**Provided material:**
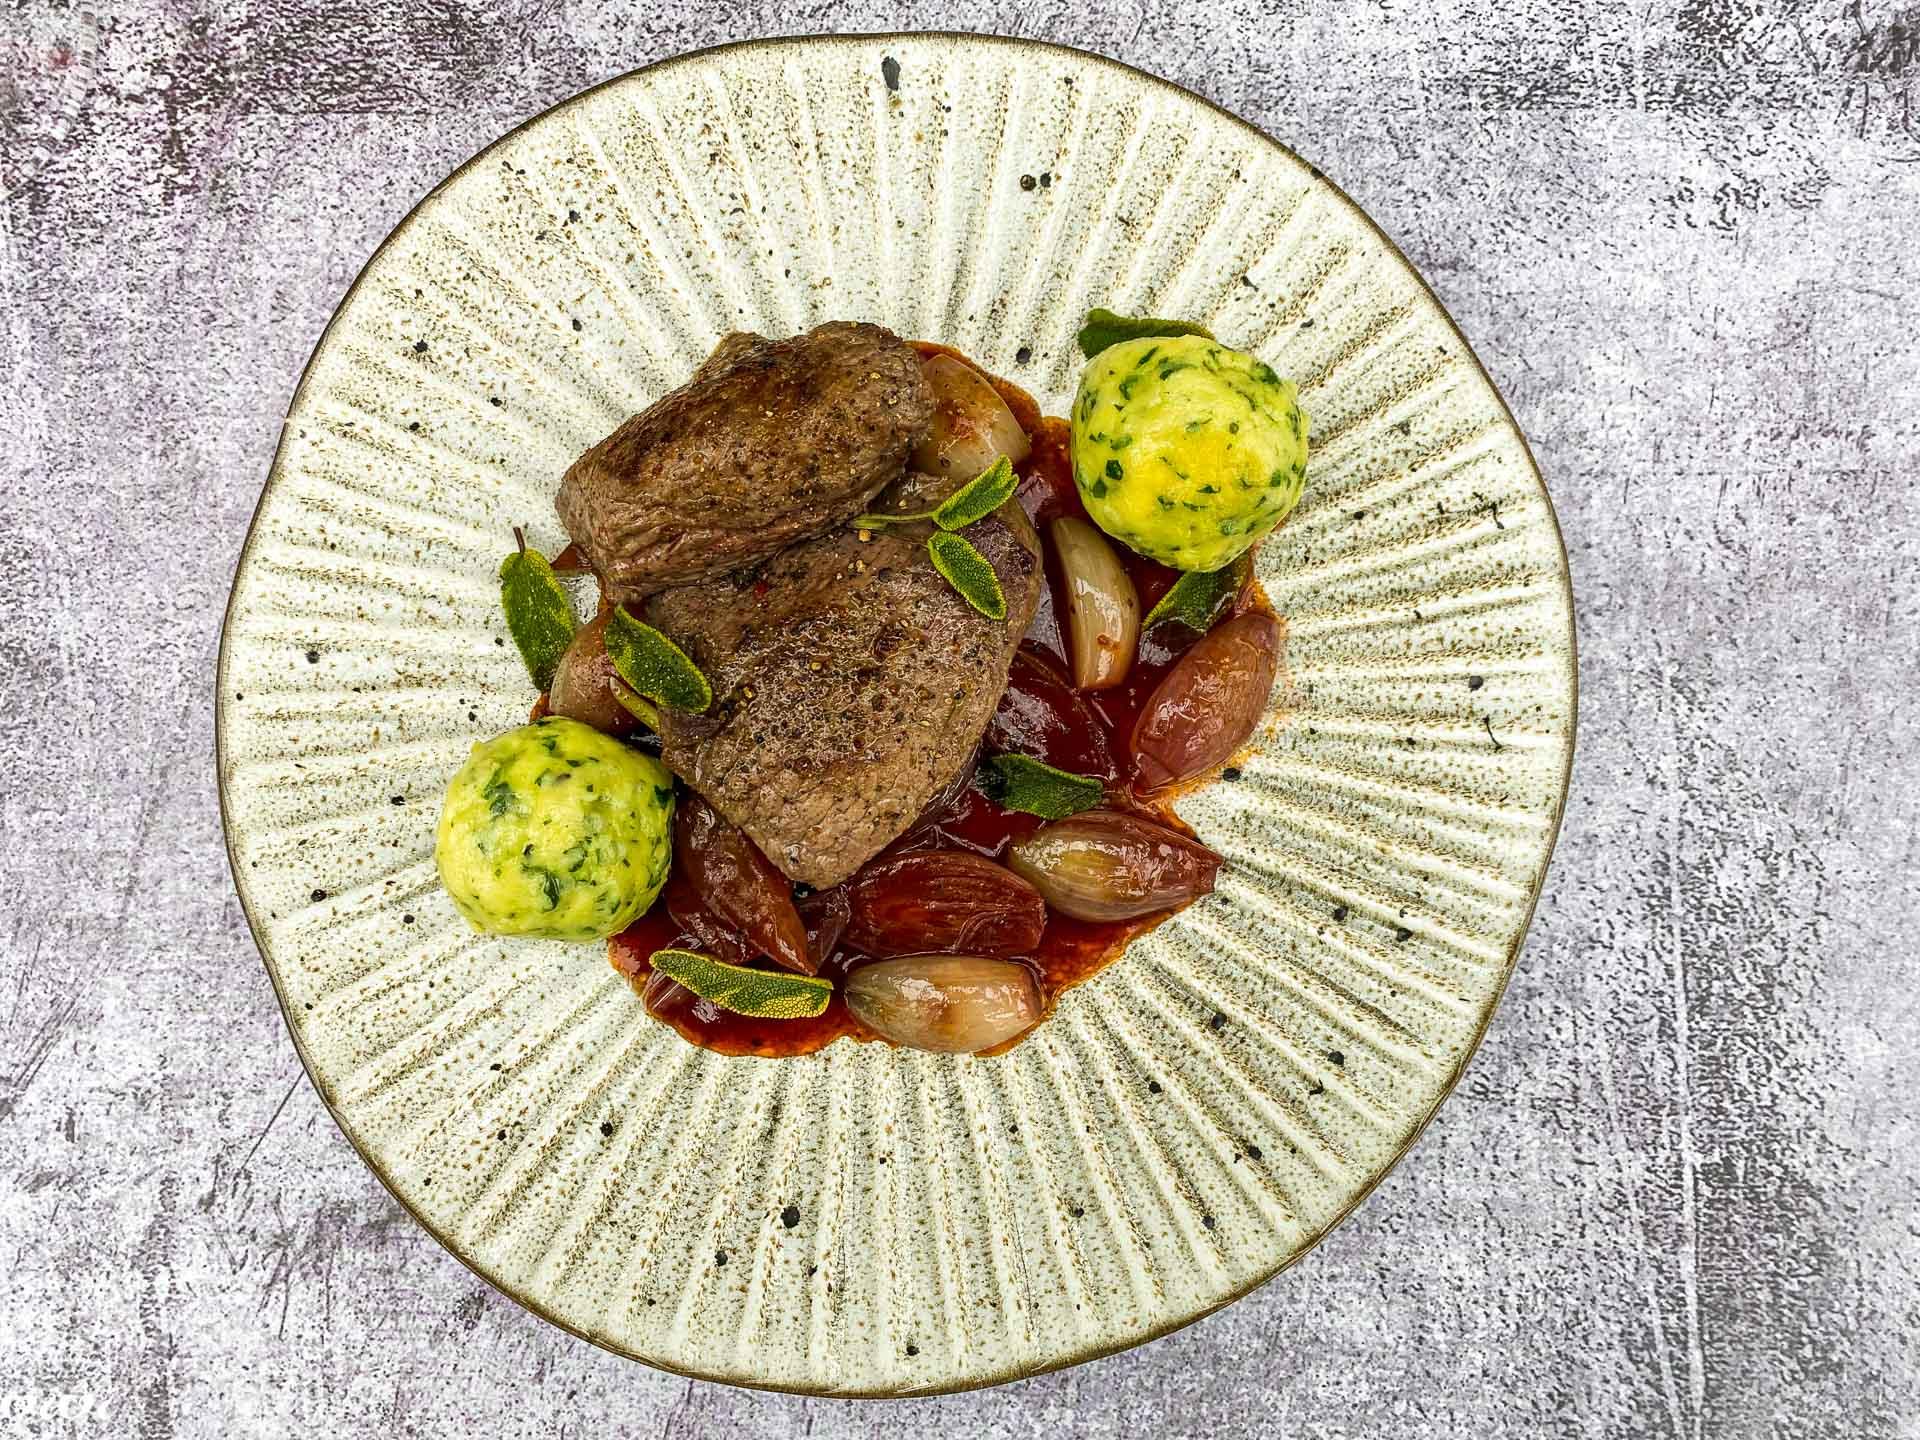 divjačinski steak s šalotkino vinsko omako047
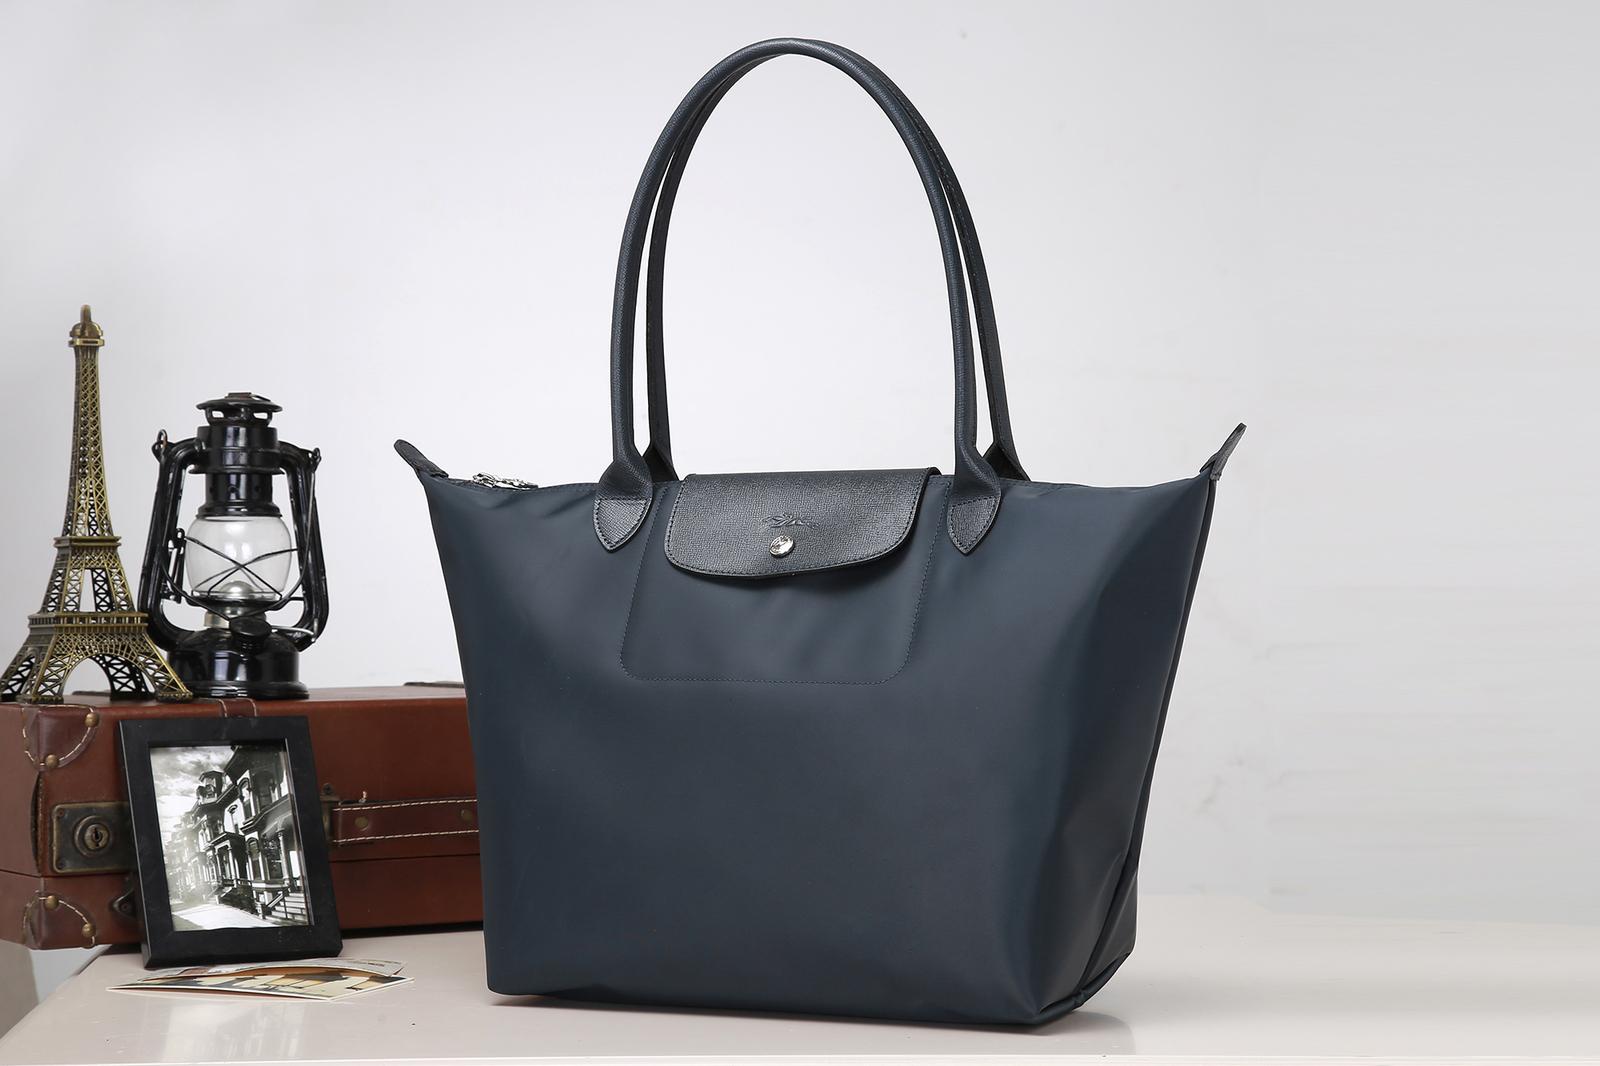 4d6a28daf51f3 Longchamp le pliage handbag neo tote large grey graphite nylon new 4
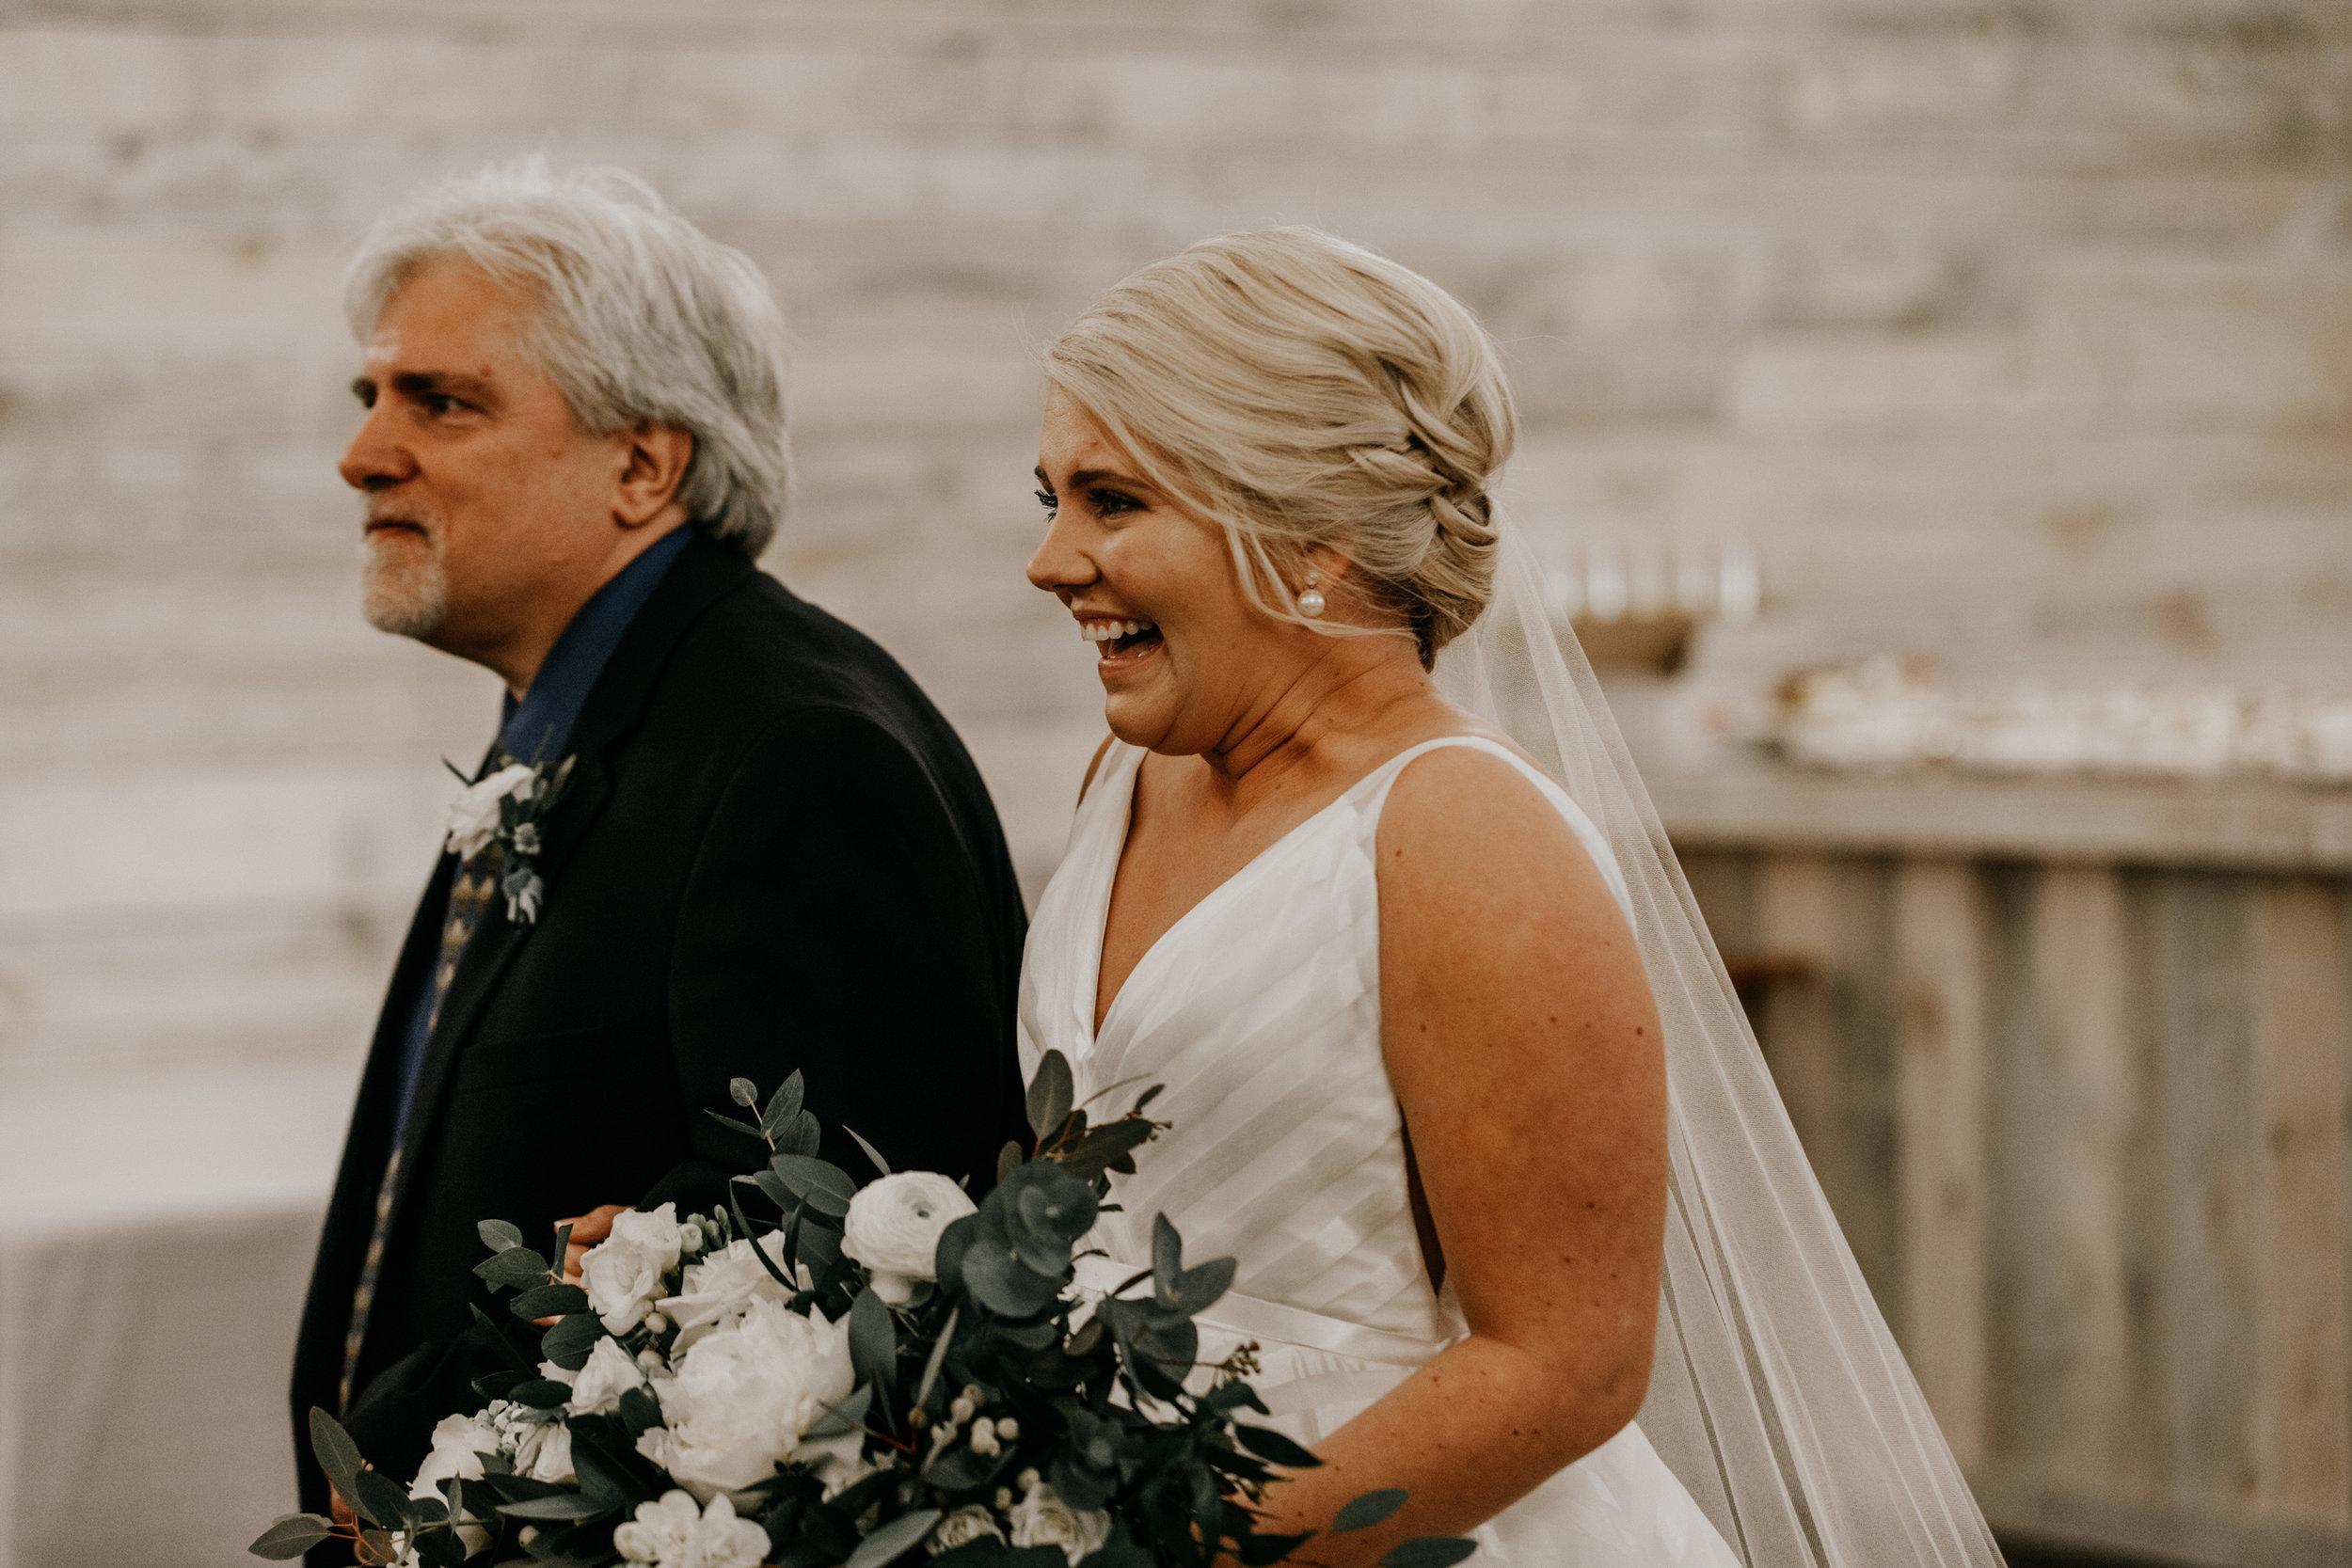 BestweddingphotographerinLosAngeles.jpg

**About this exercise:**
Transcribe the material exactly, keeping every word and none of the pictures.

**Solution to this task:**
 divjačinski steak s šalotkino vinsko omako047
 4d6a28daf51f3 Longchamp le pliage handbag neo tote large grey graphite nylon new 4
 BestweddingphotographerinLosAngeles.jpg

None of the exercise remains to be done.